Banks in Canada are “authorized” to sell eight types of insurance: credit or charge card-related, creditors’ disability, creditors’ life, creditors’ loss of employment, creditors’ vehicle inventory, export credit, mortgage and travel.

Other types of insurance – including home and auto – are not permitted to be sold through bank branches. Since 2012, that prohibition has also applied to websites. Banks are allowed to sell home and auto insurance through subsidiaries but they are not allowed to provide access, from their web pages, to other web pages through which non-authorized types of insurance are sold.

These restrictions were a topic of discussion at the last annual members’ meeting of the Insurance Brokers Association of Ontario, held during the IBAO annual convention Oct. 21, 2015 at the Sheraton Centre in Toronto.

“We will continue to champion the ability for our consumers to manage risk and buy insurance free from influence and coercion from the banks and credit unions,” said Michael Brattman, IBAO’s president in 2015, at the members’ meeting. “We know that this is the solution that is in the best interest of our consumers and we will continue to advocate on behalf of consumers’ rights.”

Toronto Dominion Bank writes home and auto through Meloche Monnex Inc.

Canada’s largest bank by revenue – the Royal Bank of Canada – writes P&C insurance through RBC General Insurance. Aviva Canada Inc. announced Jan. 21 it agreed to acquire RBC General for $582 million, subject to regulatory approval and other closing conditions.

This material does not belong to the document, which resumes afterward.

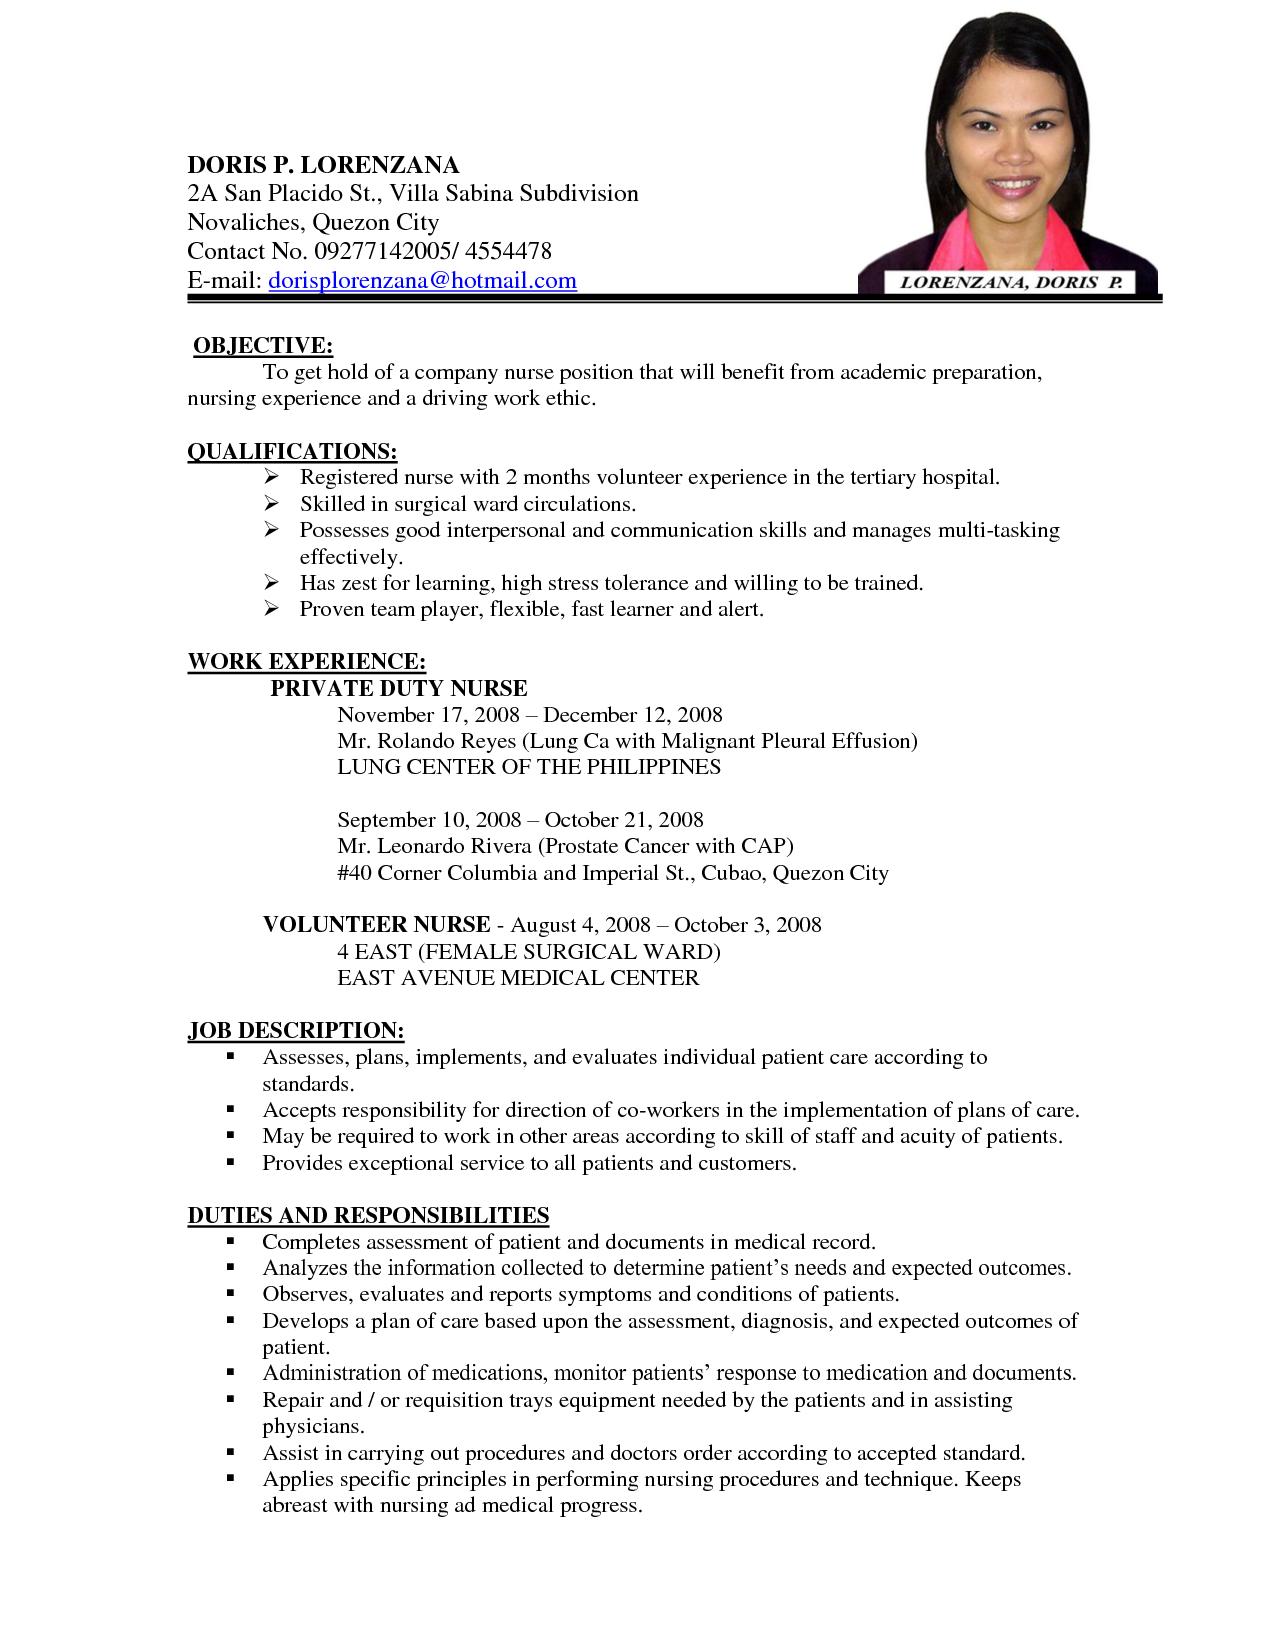 Cv Resume Example Pdf

The Canadian Imperial Bank of Commerce and the Bank of Nova Scotia sell home and auto insurance underwritten by subsidiaries of Desjardins Group. The Bank of Montreal does not sell either home or auto. When asked in May, 2015, by Canadian Underwriter, whether BMO has any plans to sell P&C, a BMO spokesperson replied: “We’re pleased with our current portfolio of insurance offerings and at this time have nothing further to share with regards to any new product launches.”

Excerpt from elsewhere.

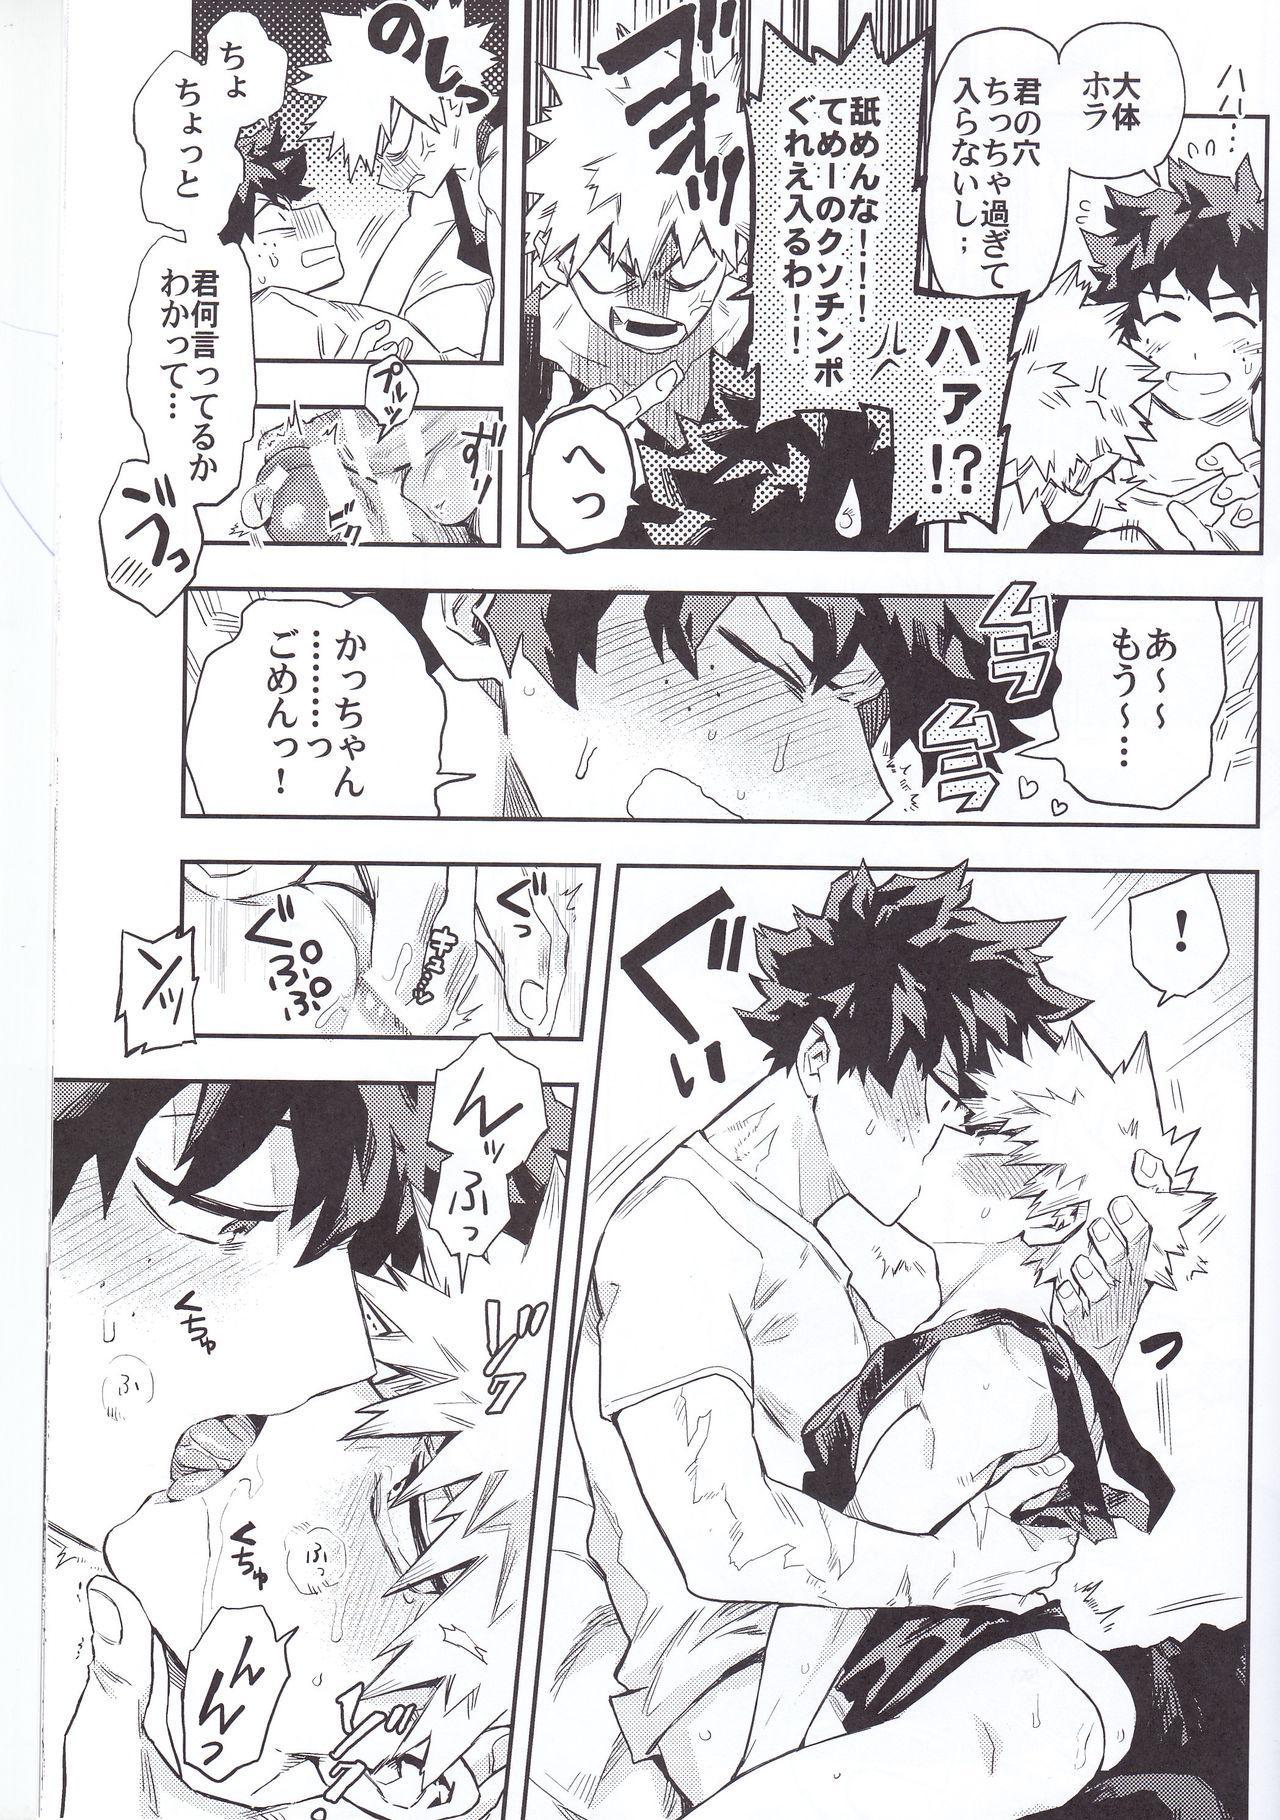 Kuchiguruma ni wa Goyoushin 13

In its budget document for 2016-17, the federal government also said Tuesday it “is proposing to implement a bail-in regime” for banks in the event of “large” bank failure.

Such a regime “would allow authorities to convert eligible long-term debt of a failing systemically important bank into common shares to recapitalize the bank and allow it to remain open and operating,” the finance department stated. “Such a measure is in line with international efforts to address the potential risks to the financial system and broader economy of institutions perceived as ‘too-big-to-fail.'”

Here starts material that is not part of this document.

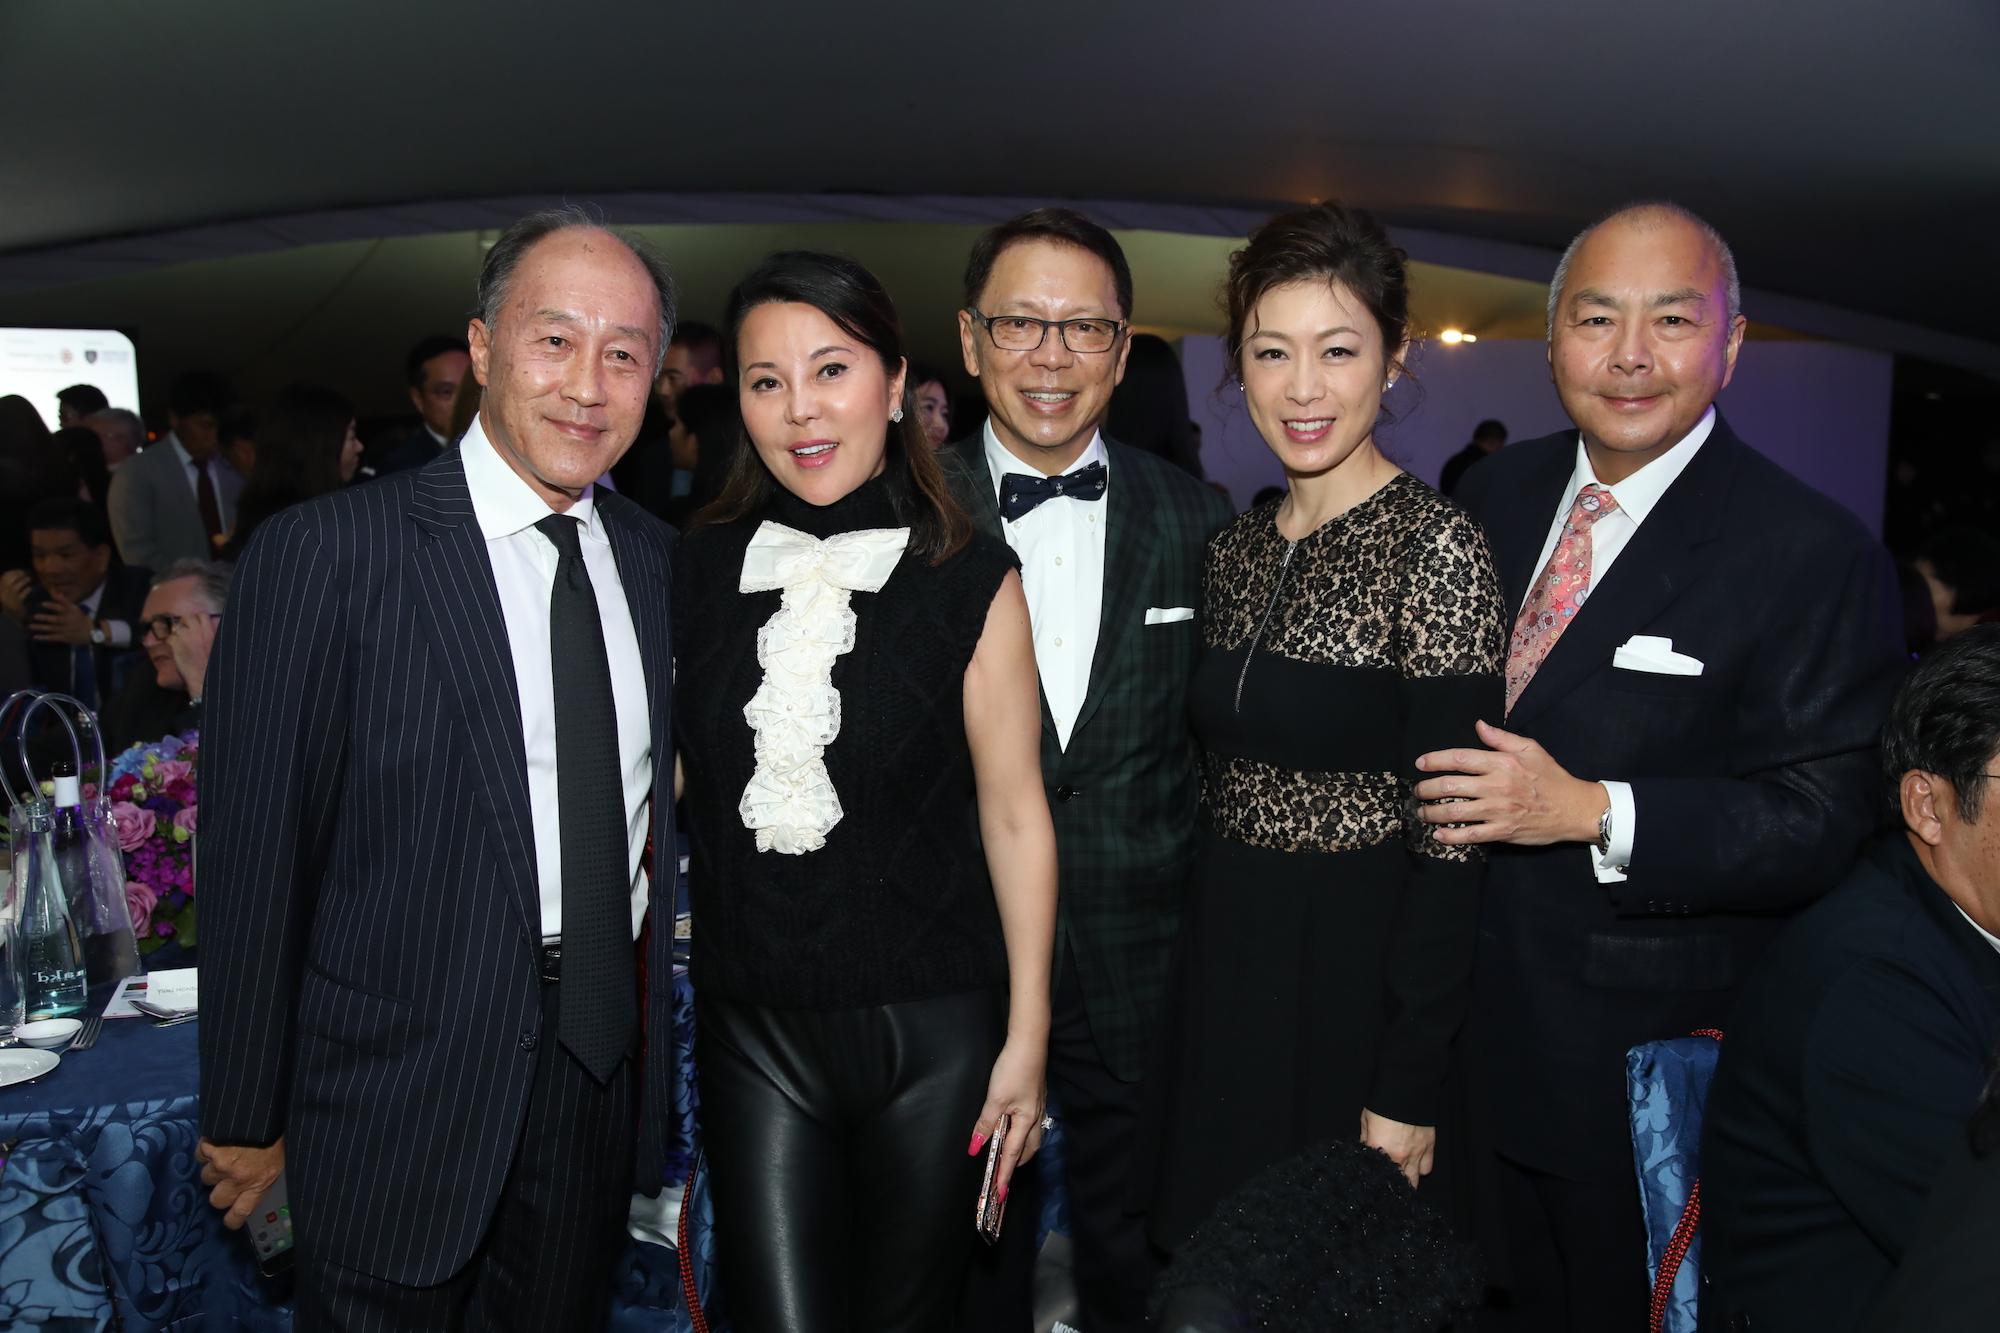 Edmund Li, Yumi Honda, Caleb Chan, Emily Yeung, Joseph Fung

The government is projecting to spend $317.1 billion in 2016-17 (including $25.7 billion in debt charges) and to take in $287.7 billion in revenue, for a deficit of $29.4 billion. The federal government estimates its deficit for the fiscal year ending March 31, 2016 will be $5.4 billion.

“Public debt charges are projected to increase from $25.7 billion in 2015-16 to $35.5 billion in 2020-21, due to a projected rise in interest rates over the forecast horizon and a higher anticipated stock of interest-bearing debt, reflecting an increase in borrowing requirements,” the government said in its 2016-17 budget document. The annual budget deficits are projected at $29 billion in 2017-18, $22.8 billion in 2018-19, $17.7 billion in 2019-20 and $14.3 billion in 2020-21.

The total market debt (which was $649 billion 2014-15) is projected to reach $706 billion by the end of 2016-17 and $732.5 billion by March 31, 2021.

Total transfers to provinces are projected at nearly $71 billion in 2016-17, of which $36 billion is the Canada Health transfer (of which $13.9 billion will go to the Ontario government.) Another projected transfer in 2016-17 is $13.348 billion in the Canada social transfer, $5.1 billion of which will go to Ontario. There are also $17.88 billion in equalization payments projected in the fiscal year starting April 1, of which $10 billion will go to Quebec, $2.3 billion to Ontario and $1.7 billion each to Manitoba, New Brunswick and Nova Scotia, as well as $380 million to Prince Edward Island.